In the material below, find the line with "Banner image for Penn Black Reunion 2024" and the line with "ロードバイク 自転車 700×28C". Output exactly those two lines and all lines between them, leaving out pictures.

-------- Entries supplied --------

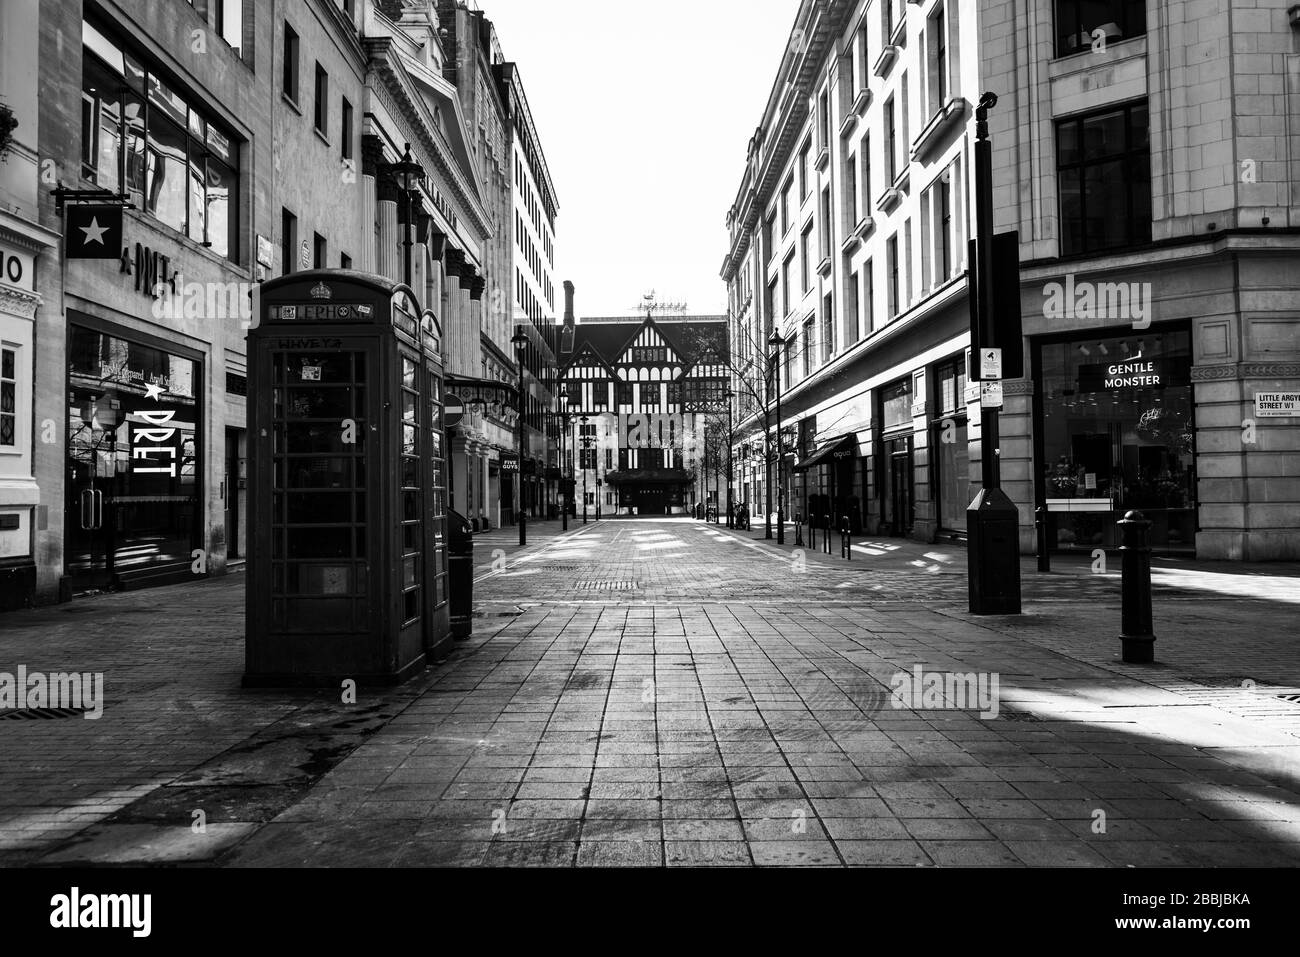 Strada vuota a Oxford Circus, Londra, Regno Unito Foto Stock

--------
-------- Entries supplied --------

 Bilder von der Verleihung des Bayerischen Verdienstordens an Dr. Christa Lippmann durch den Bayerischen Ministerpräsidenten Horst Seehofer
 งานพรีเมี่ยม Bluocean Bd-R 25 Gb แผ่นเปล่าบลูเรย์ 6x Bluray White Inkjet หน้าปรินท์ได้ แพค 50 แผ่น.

--------
-------- Entries supplied --------

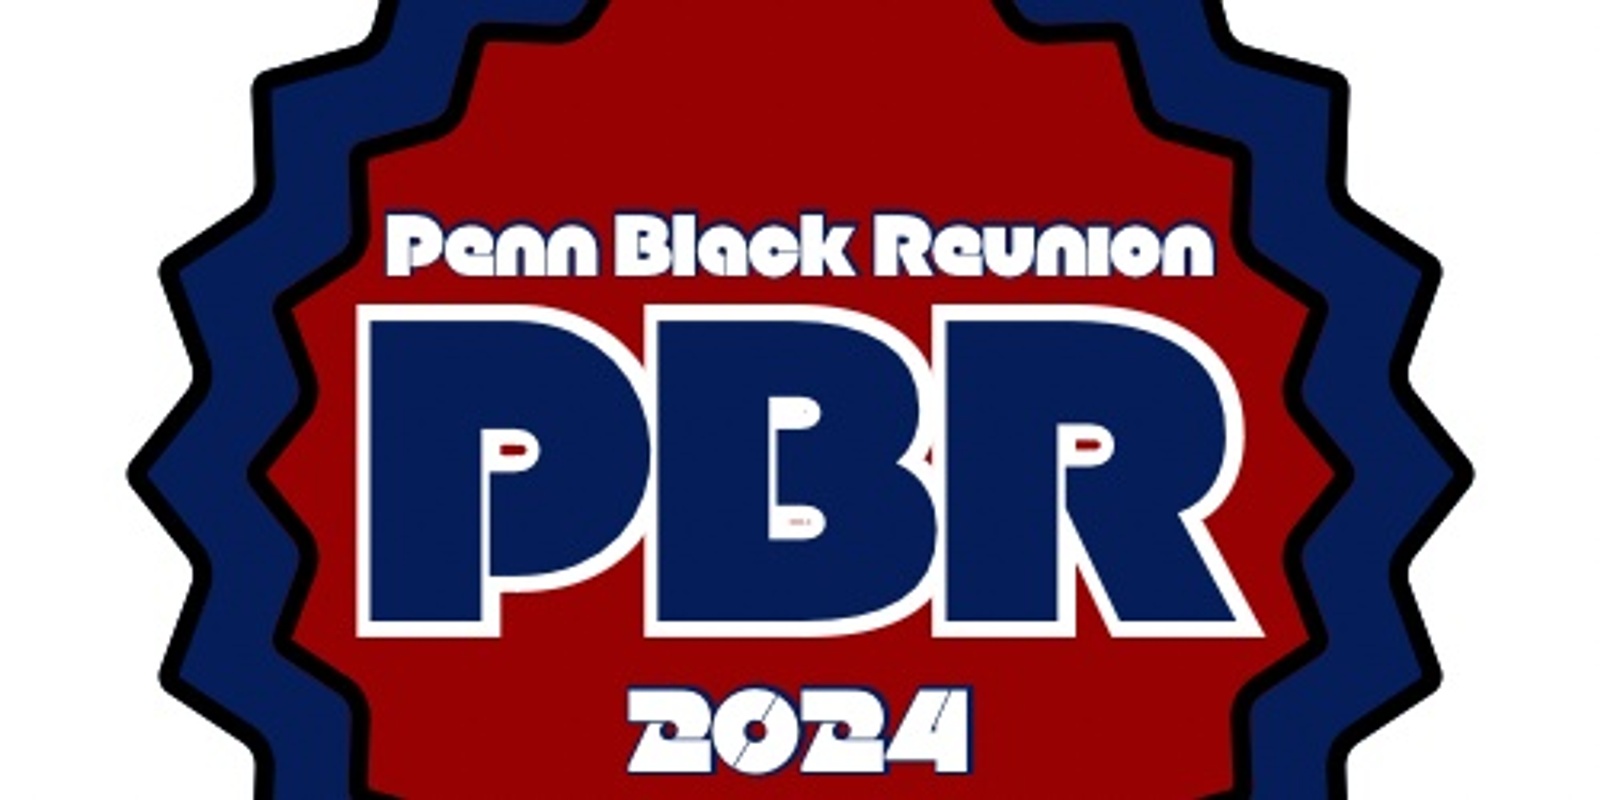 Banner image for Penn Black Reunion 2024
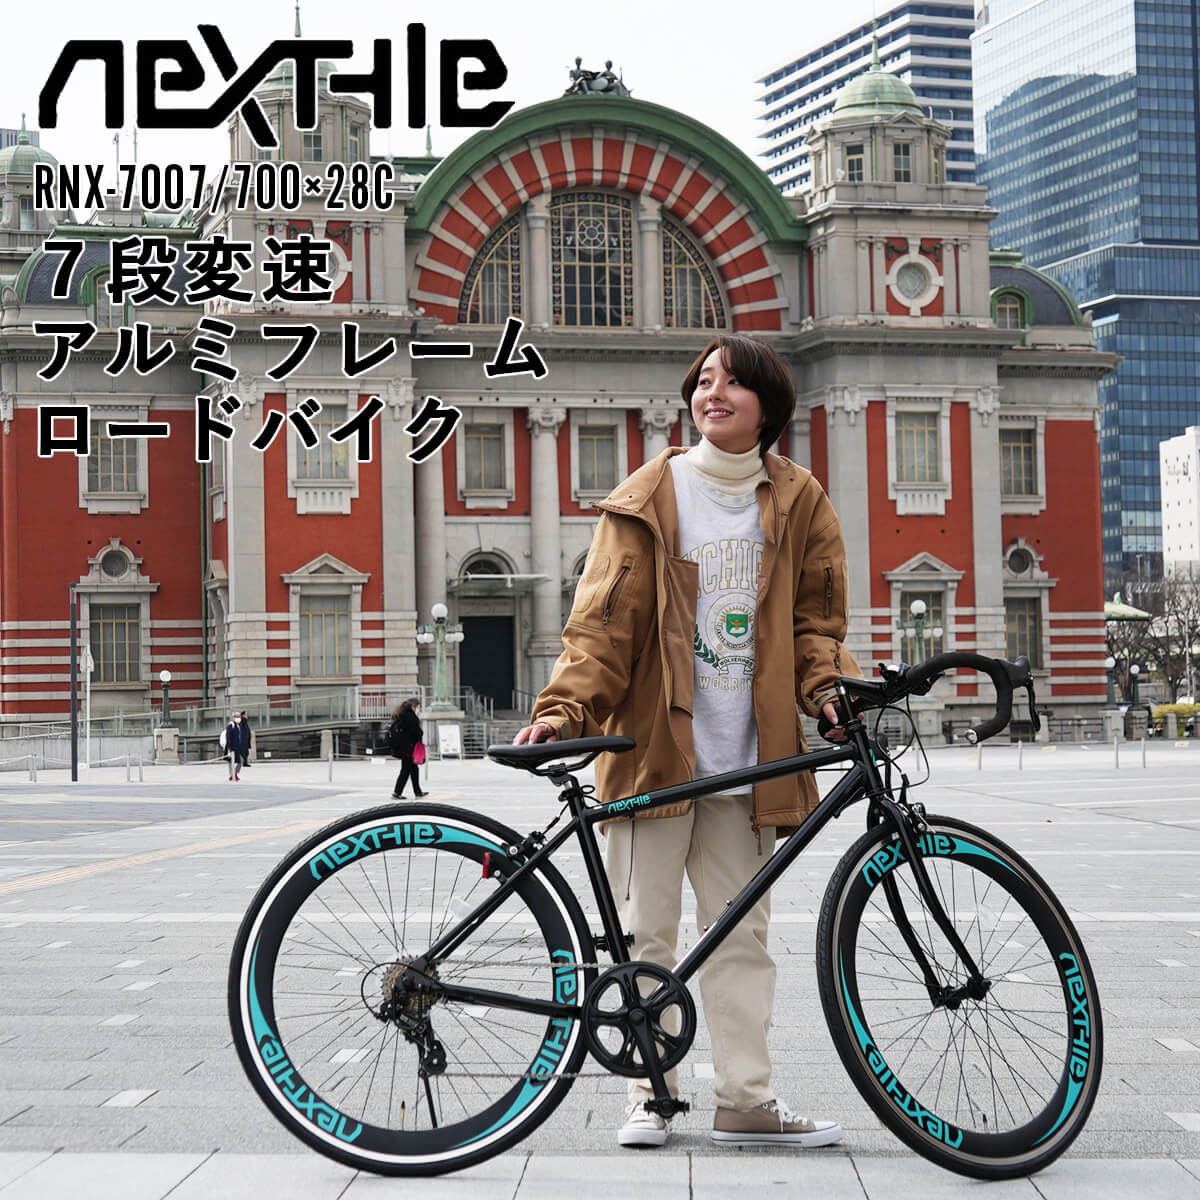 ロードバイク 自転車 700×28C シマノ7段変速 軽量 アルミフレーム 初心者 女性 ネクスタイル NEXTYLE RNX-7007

--------

Written response
 Banner image for Penn Black Reunion 2024
 ロードバイク 自転車 700×28C シマノ7段変速 軽量 アルミフレーム 初心者 女性 ネクスタイル NEXTYLE RNX-7007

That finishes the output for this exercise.